Hi all,
I am looking to automate the standardizing and cleansing process of removing client specific data in data sets. Currently I am thinking the best way to do this is to assign each column a category and replace all columns with a value in a pre-made database for that category.
For example, I would have a Template (see attached), where the user would input column headers and select the type of data that column represents. We would then use Alteryx to randomize the data based off the database values. For example, a Company category would replace previous values with random Companies (eg Company 1, 2 or 3)

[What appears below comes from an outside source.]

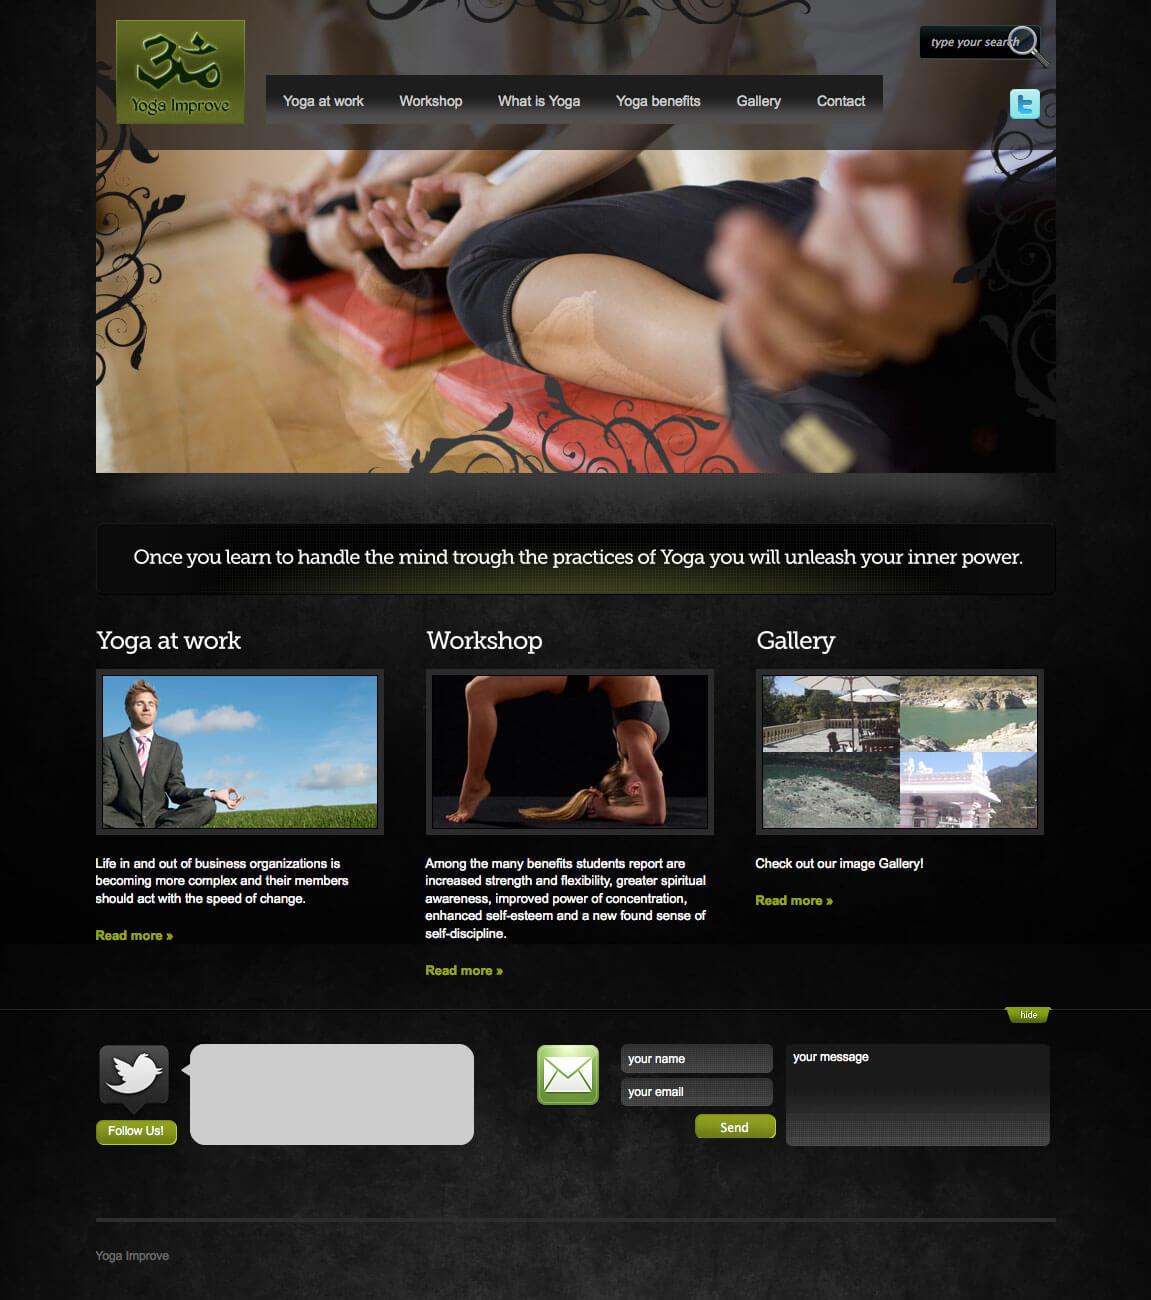 YogaImprove.com

However, I am having trouble actually implementing this. Does anyone have any ideas?
Solved! Go to Solution.
@jason5333
Let me clarify this is what you want.
Some columns will be specified, one or more, such as
Client |
Document Number |
Fiscal Year |
Item |
Purchasing Doc. |
then the data in these columns will be randomized with some preset values?
Hi Qiu,
Thank you for your response! Yep - that's exactly what I mean. The data would be randomized based off the "Category", so for example I would have a preset database:
City |
Random City 1 |
Random City 2 |
etc |
and if that Column is marked as City category, all values in that column would be "Random City 1" or "Random City 2" etc.
I can't seem to get it past the transposing phase, where I have classified each Column into the category. If you have any ideas I would love to hear them! Thank you for your help.
Hi Qiu,
Thank you so much! This is a great solution - amazing idea. Will take a look through but this performs the exact function I needed help with! Thank you so so much!
Jason
@jason5333
Glad to be a bit help and thank you for the accept mark.
Since it is very interesting one, can I submit as a weekly challenge idea?
Hi Qiu, definitely! So appreciative of your help! Think will be a great weekly challenge idea.
Thank you @Qiu. Thanks to your solution I have now learned about using RandInt. I like your use of RandInt([Max_Tile_SequenceNum]-1)+1 to avoid ending up with 0 as a value of Ran
I'm definitely adding that to my toolkit 🙂